• **Task prompt**
Word-for-word transcription: reproduce all of the data, but not the pictures.

----- Data below

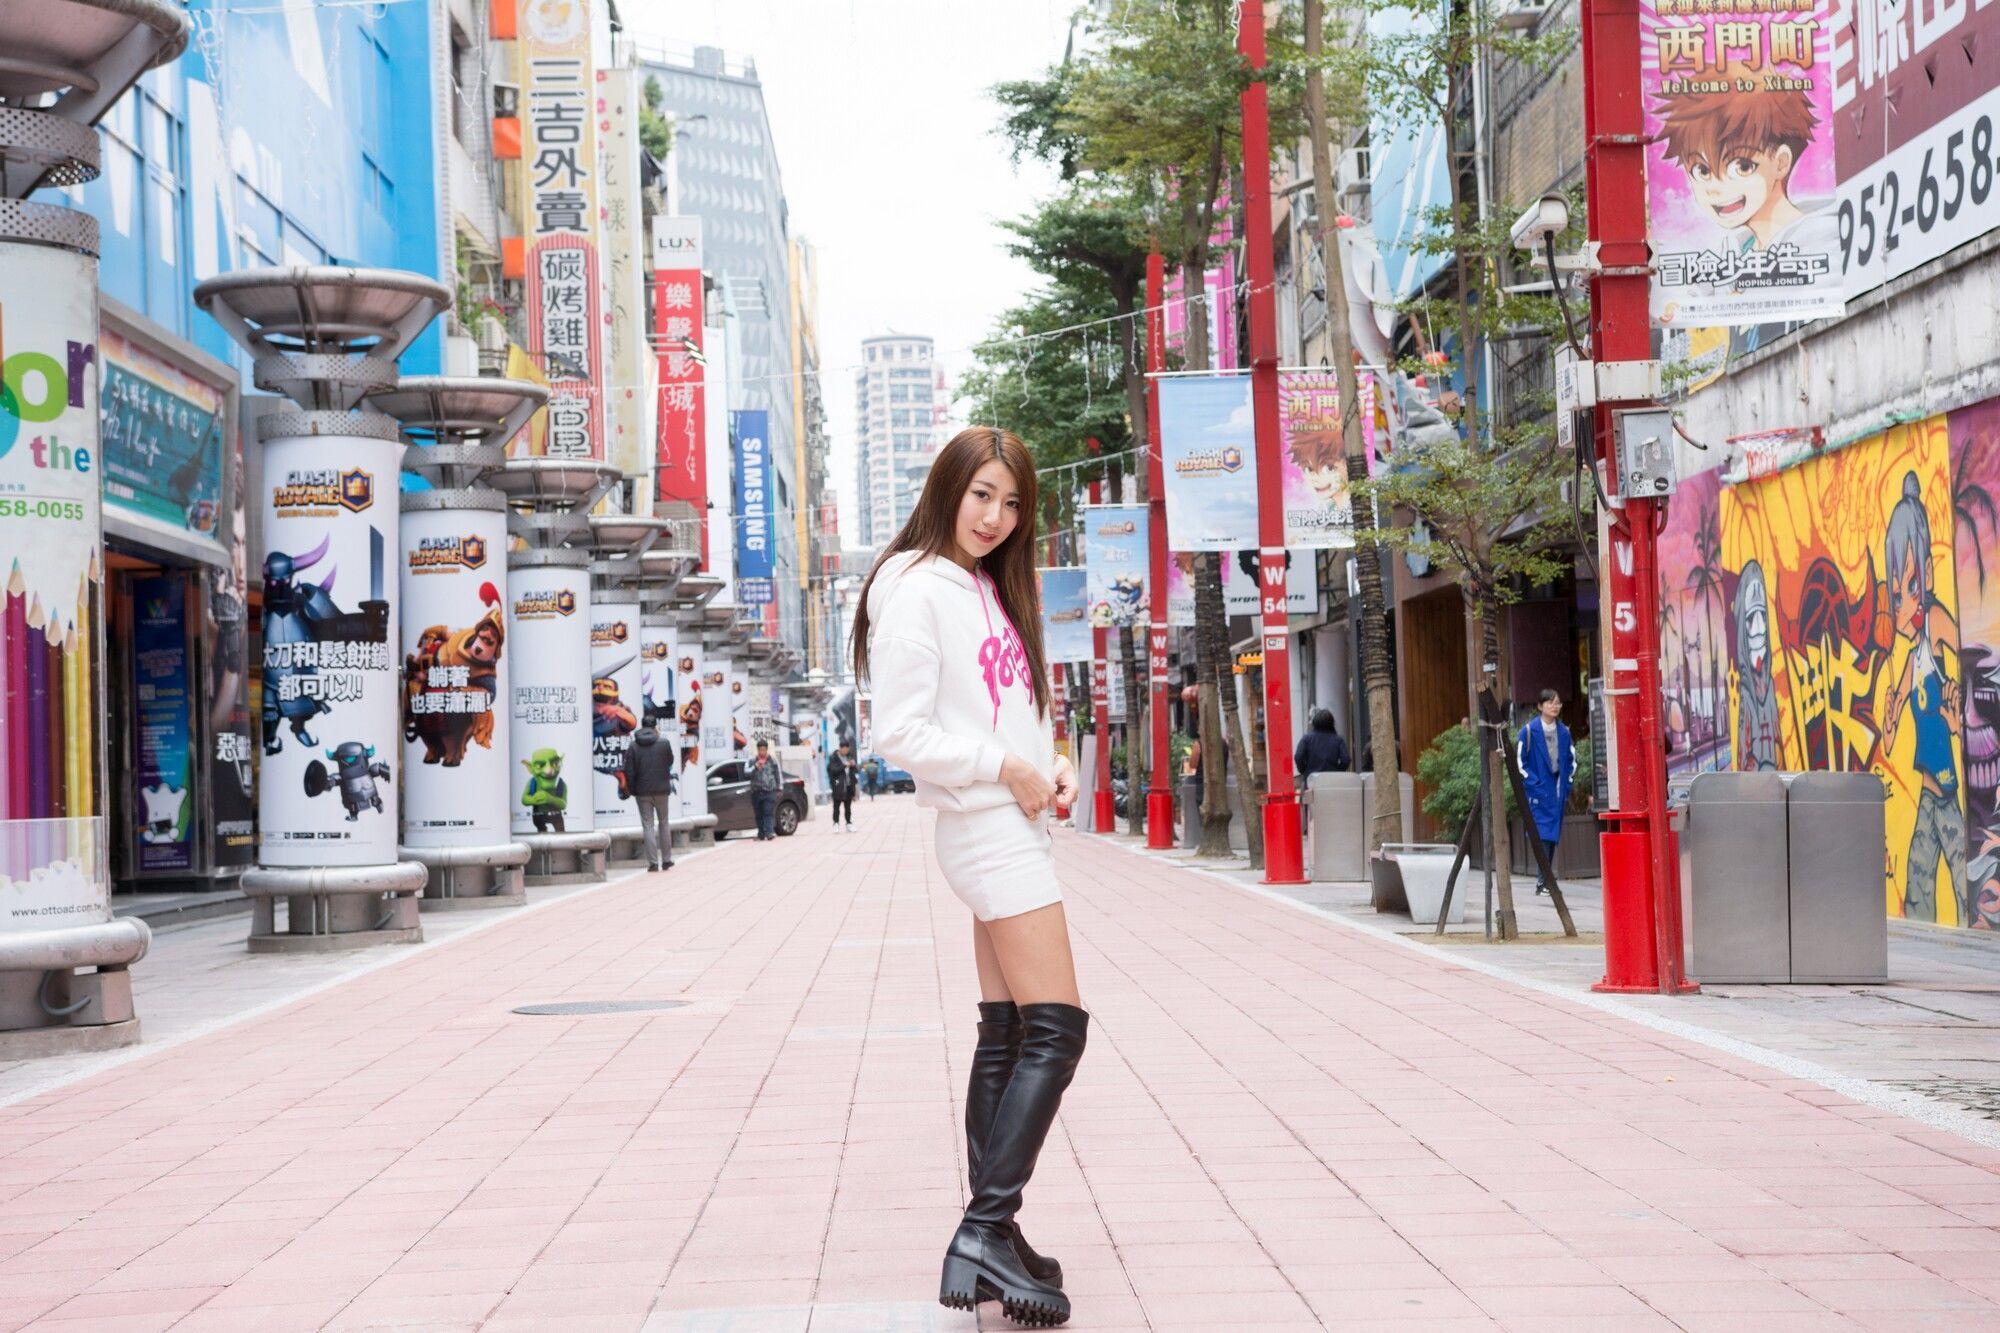 VOL.1770 [台湾正妹]长靴美女街拍美臀街拍美腿:张嘉庭(啾比特)超高清个人性感漂亮大图(70P)
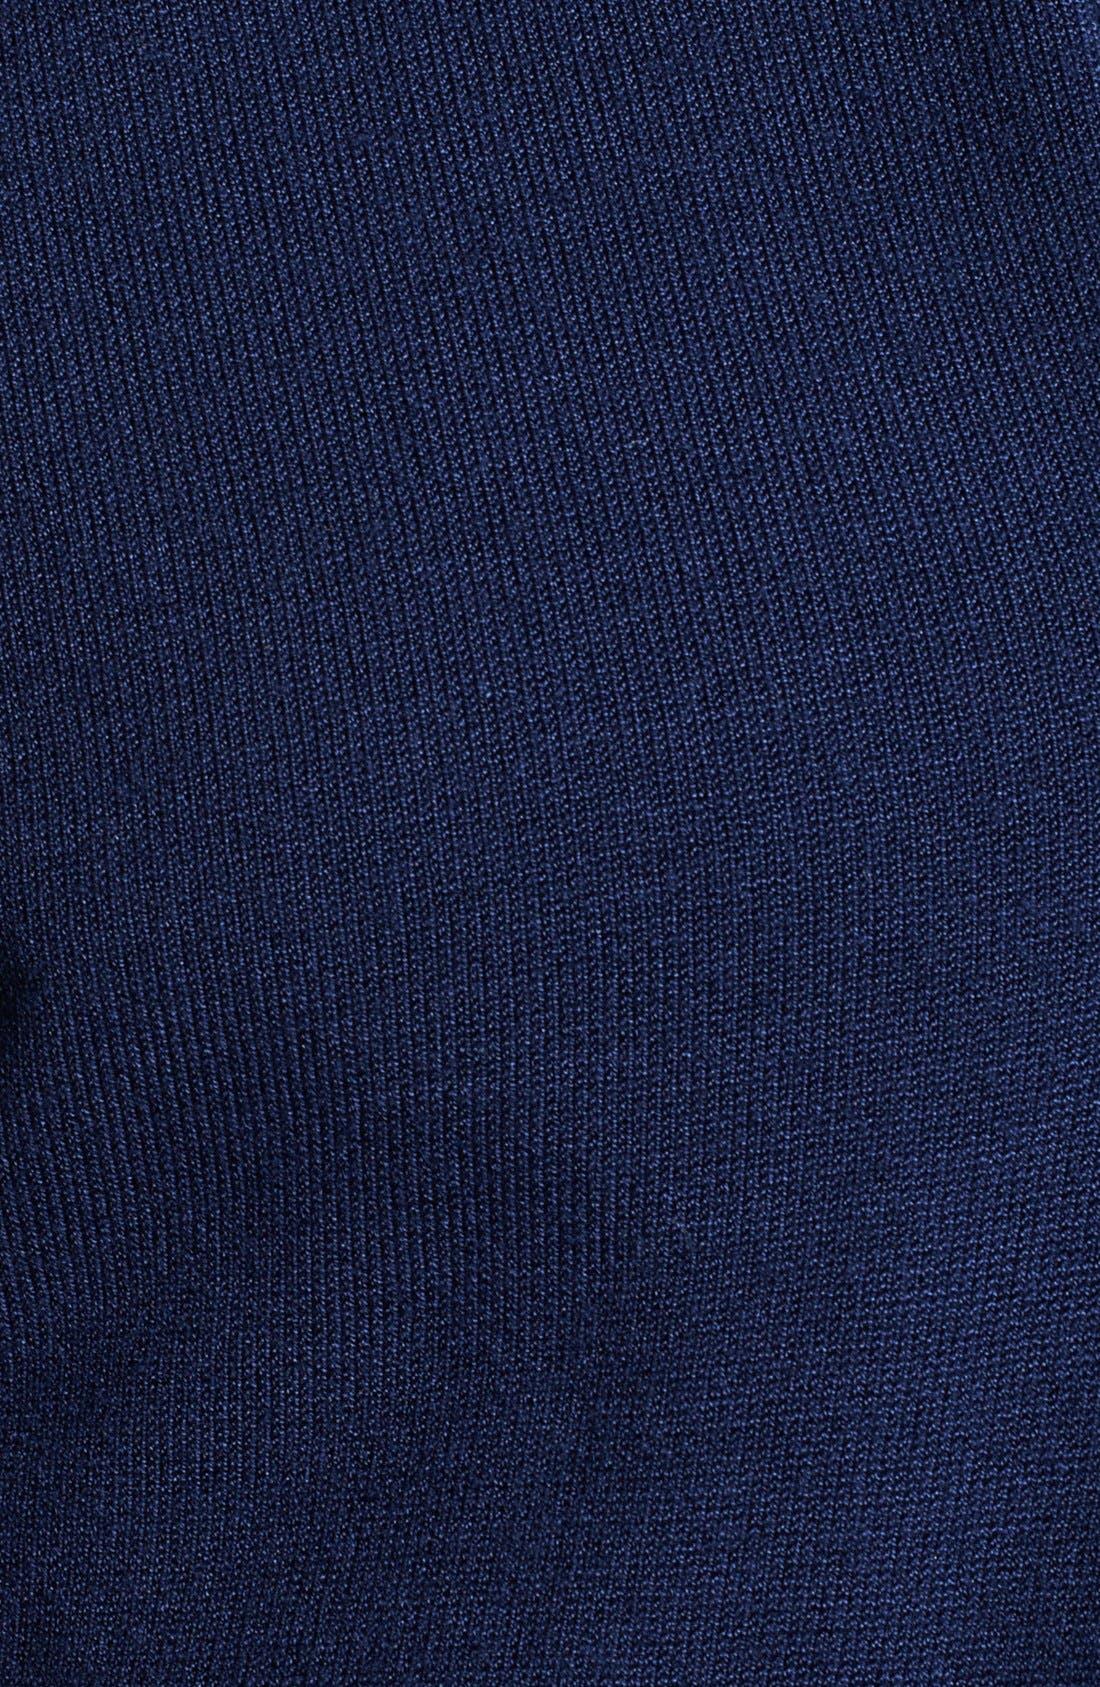 Armani Collezioni Shawl Collar Sweater,                             Alternate thumbnail 3, color,                             404
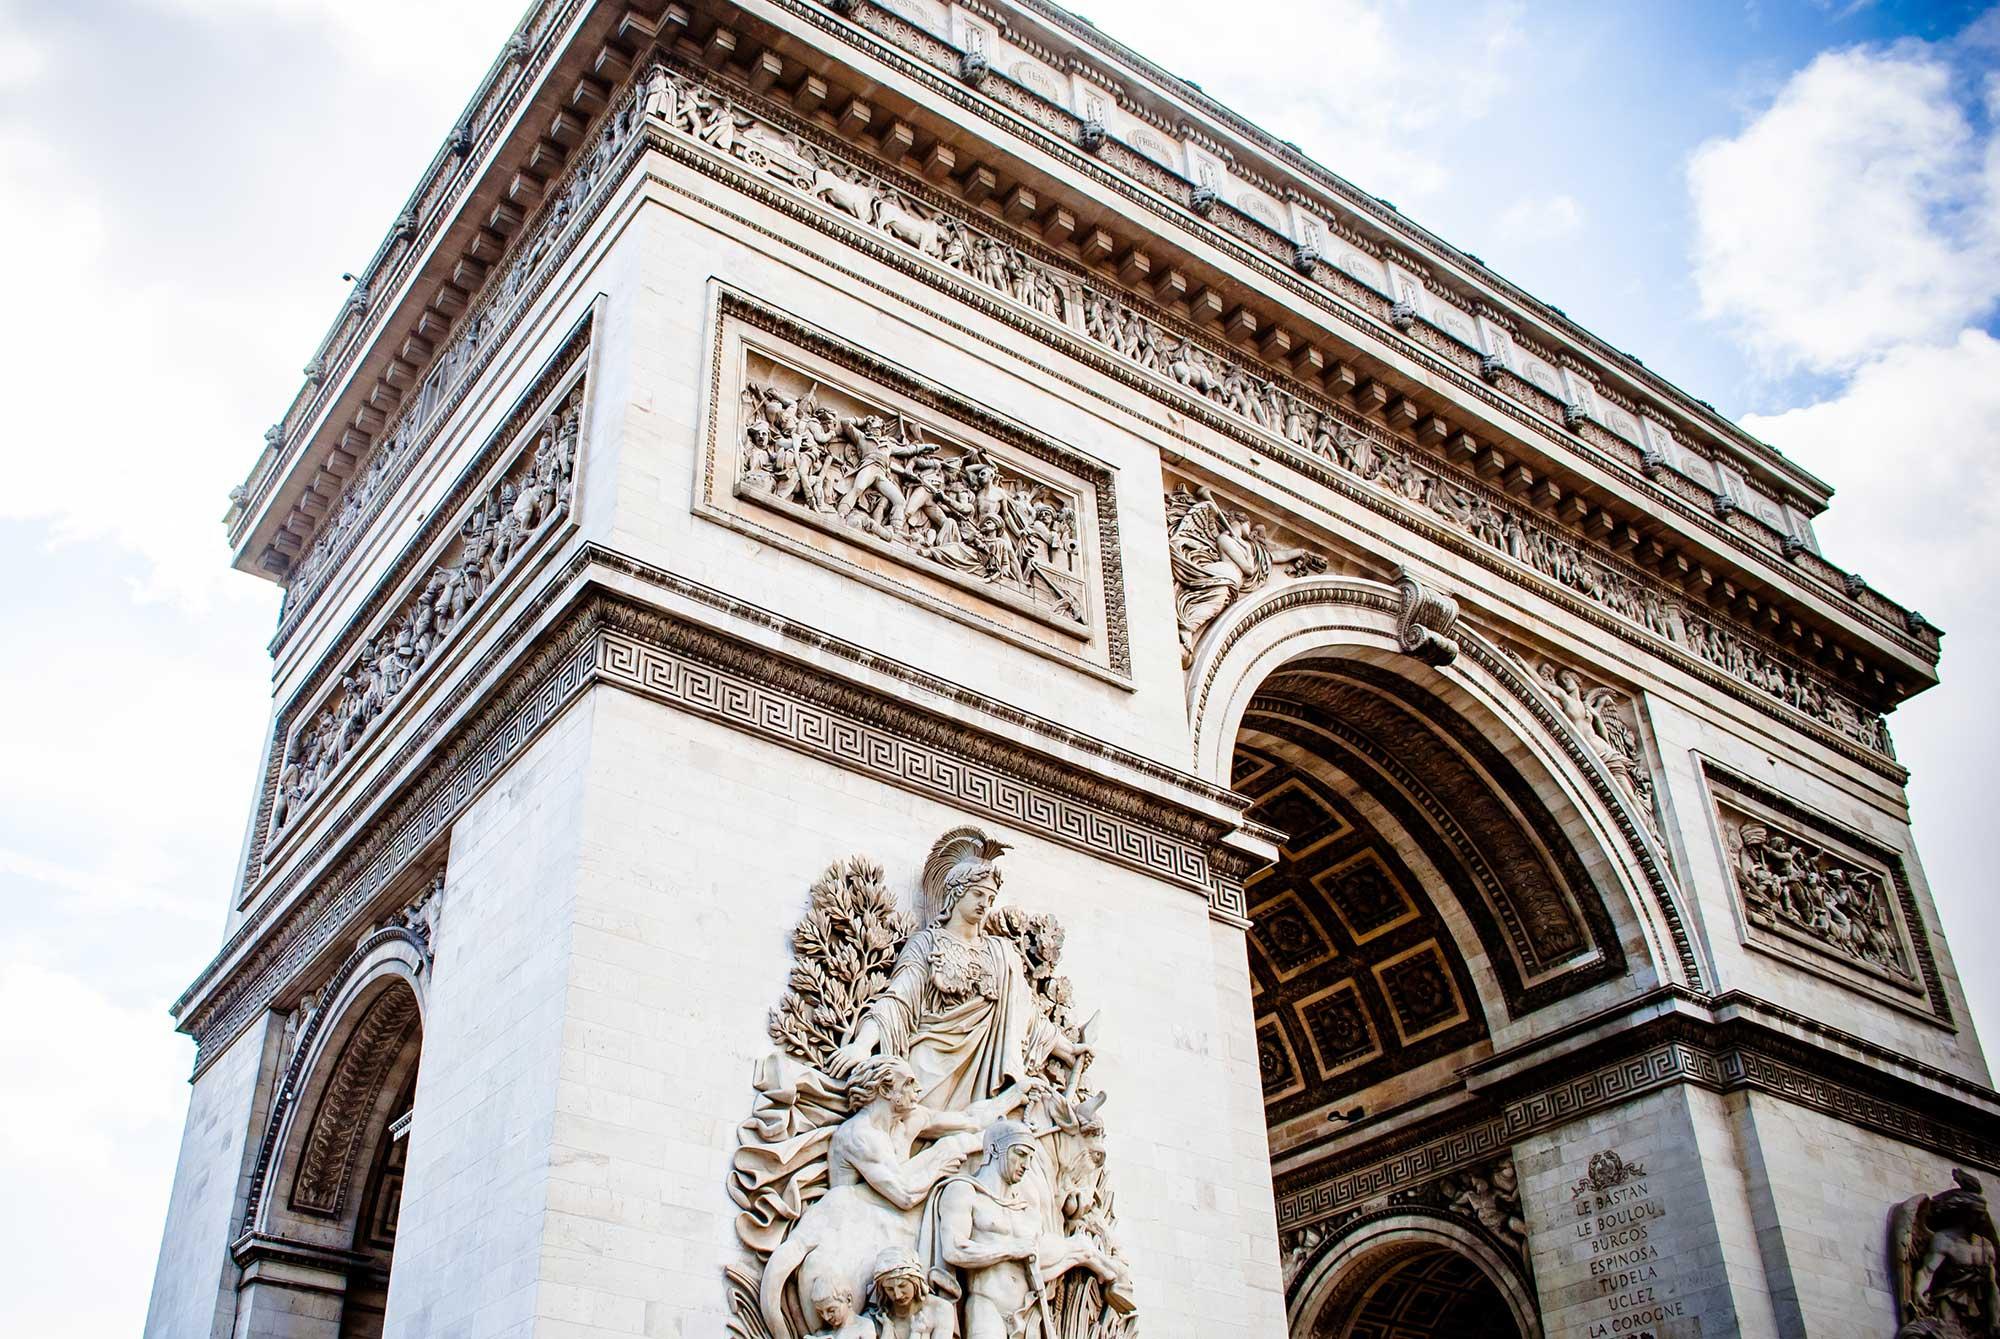 Augustin Doulcet Jean Leger avocat à la cour Paris 75008 litigation lawyer attorney business commercial law
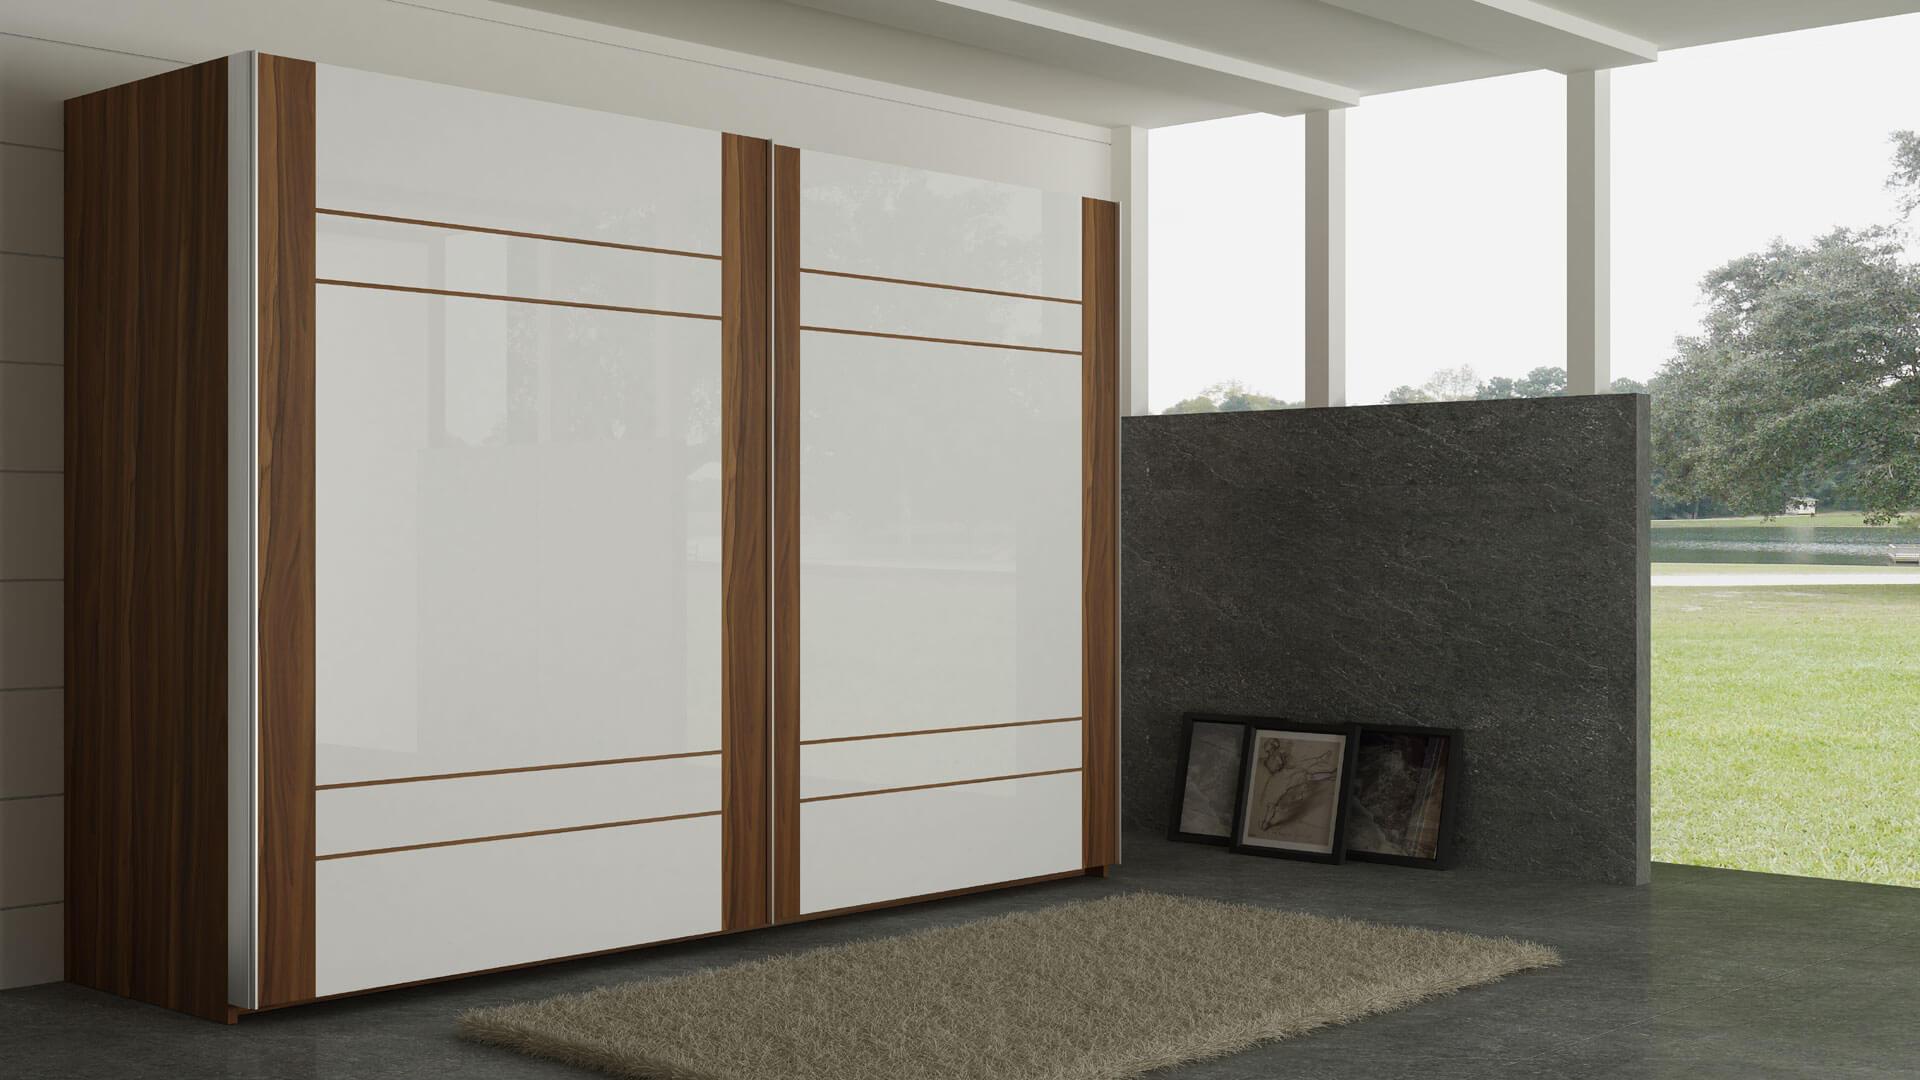 Arancia Kuchen Design: Italian, European Modern Kitchens ...

----------

• **Answer**
 VOL.1770 [台湾正妹]长靴美女街拍美臀街拍美腿:张嘉庭(啾比特)超高清个人性感漂亮大图(70P)
 Armani Collezioni Shawl Collar Sweater,                             Alternate thumbnail 3, color,                             404
 Augustin Doulcet Jean Leger avocat à la cour Paris 75008 litigation lawyer attorney business commercial law
 Arancia Kuchen Design: Italian, European Modern Kitchens ...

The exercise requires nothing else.